Dr. Daniel S. Sitar, Professor Emeritus and MICH member
Published by: michadmin on May 28th, 2012
My career research focus has been the study of drug disposition and effects at extremes of age. I have had the opportunity to participate in pediatric research studies since the early 1970’s when I was on staff in the Division of Clinical Pharmacology at McGill University. I developed one of the early HPLC assays for theophylline at a time when its use as a therapeutic agent was quite controversial. Our research team went on to use this technology to develop dosage strategies for the use of intravenous theophylline to manage human apnea of prematurity, and to delineate a therapeutics strategy for this drug in the management of asthma symptoms in children. Concurrently, we were able to study the disposition of propylthiouracil in pregnant hyperthyroid women at various stages of pregnancy and its placental transfer and potential impact on thyroid function in the neonate. Finally, our research team was able to determine pharmacokinetic-pharmacodynamic relationships of the diuretic furosemide in neonatal patients with high output cardiac failure. All of these findings have been published in the peer-reviewed literature. This was an exciting time to be able to study the use of drugs in critical health problems of the neonate and in young pediatric patients.
In 1978, I was recruited back to the Faculty of Medicine at the University of Manitoba to the Section of Clinical Pharmacology. While re-establishing my overall research program, my focus on pediatric research turned to the use of animal models to investigate significant issues in the use of anesthetics during birth, and problems related to the consumption of ethanol by pregnant females and its impact on autoregulation of cerebral blood flow in the neonate. These animal studies were completed primarily in partnership with colleagues in the Department of Anesthesia. In the midst of these animal studies I was introduced to Dr. Milton Tenenbein of the Department of Pediatrics. We developed a long-standing partnership that used human research volunteers and resulted in significant contributions to the scientific literature focused on assessment of efficacy of decontamination strategies for pediatric patients with drug overdoses. It was during this time that we originated the successful therapeutic intervention of orogastric lavage to manage overdoses with modified-release drug dosage forms.

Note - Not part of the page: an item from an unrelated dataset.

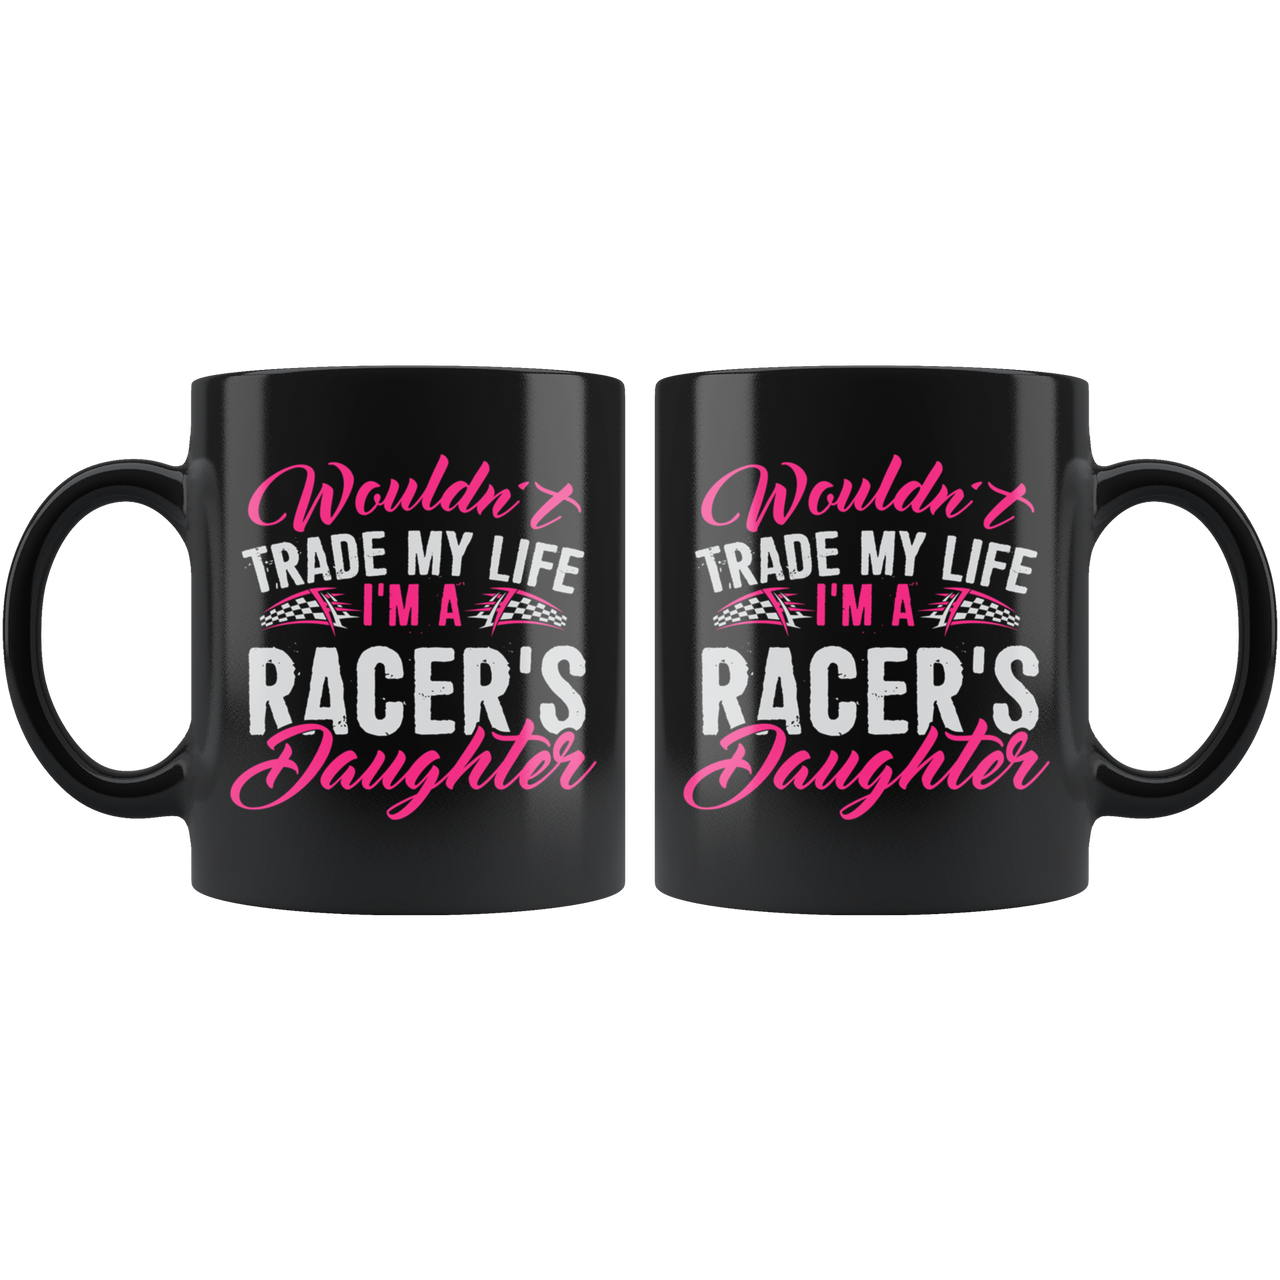 Wouldn't Trade My Life I'm A Racer's Daughter Mug!
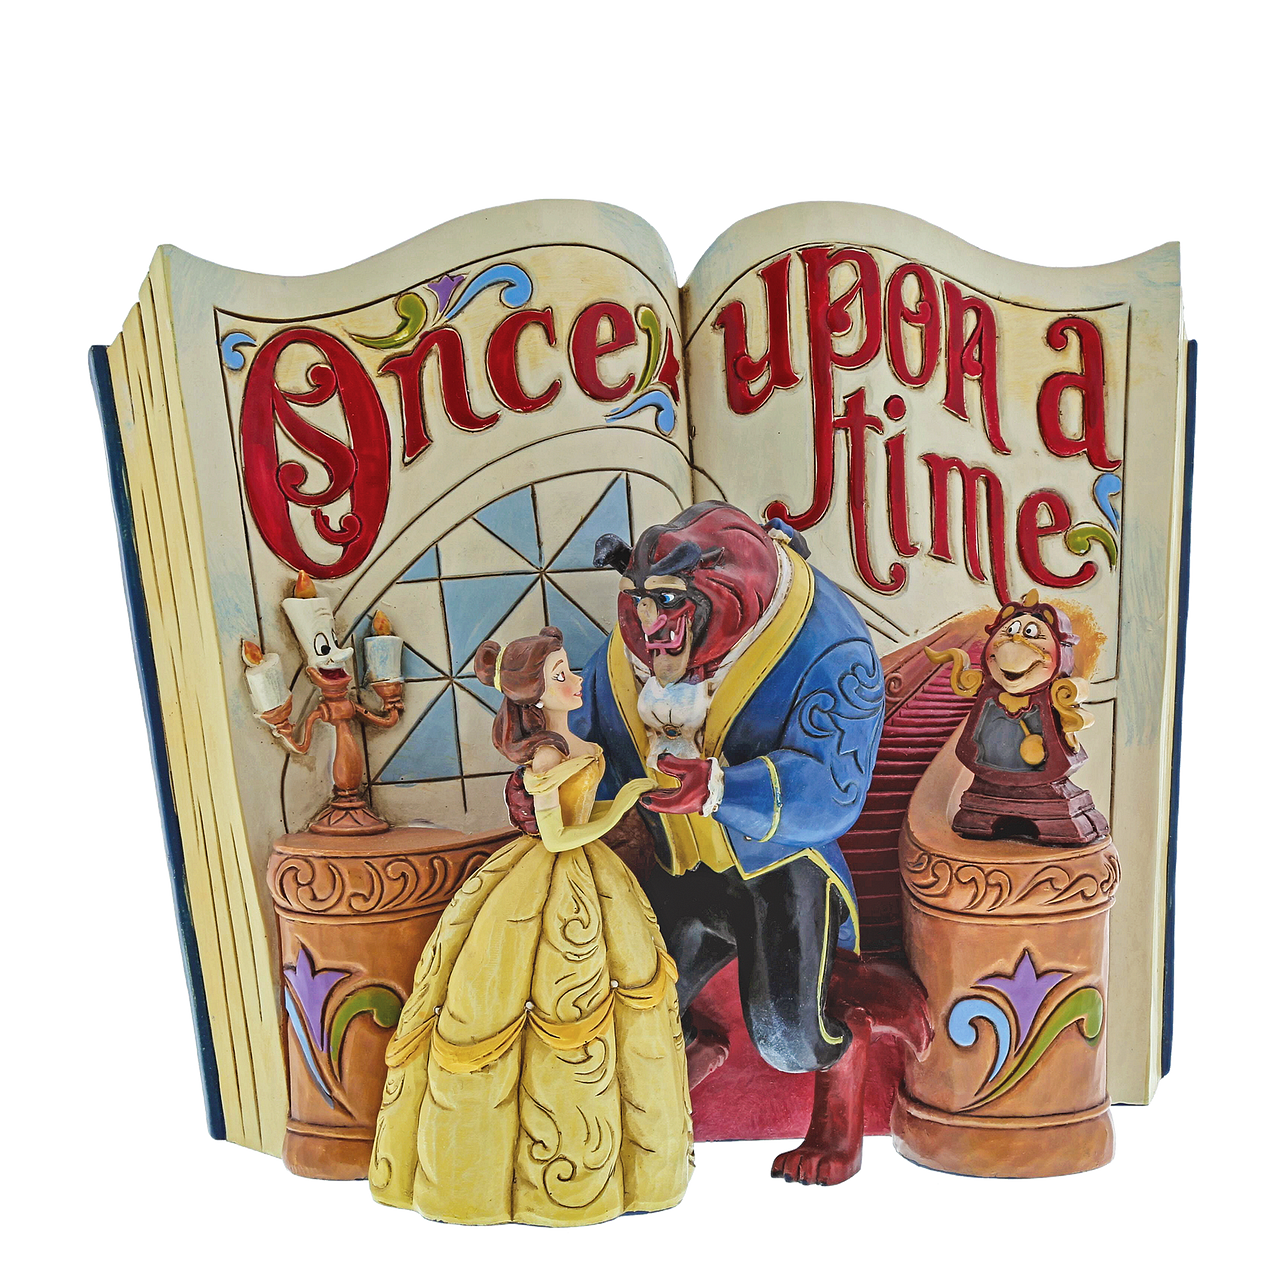 Storybook La Petite Sirène - Disney Traditions

Most recently, I have had the opportunity to collaborate with other centres to address additional issues related to child health. A recently published study addressed ethical dilemmas in the use of pediatric persons as research subjects. This was an international study that compared and contrasted analogous issues between investigators in the United Kingdom and Canada. With respect to neonatal health, I have been fortunate to collaborate with a colleague in Alberta to use studies in animal models of pregnancy to successfully dissociate the adverse health effects of smoking in pregnancy from those of nicotine alone. These preclinical studies provide a basis for clinical trials to determine whether provision of nicotine substitution to smoking mothers during pregnancy might provide an acceptable harm reduction strategy to the developing fetus and neonate.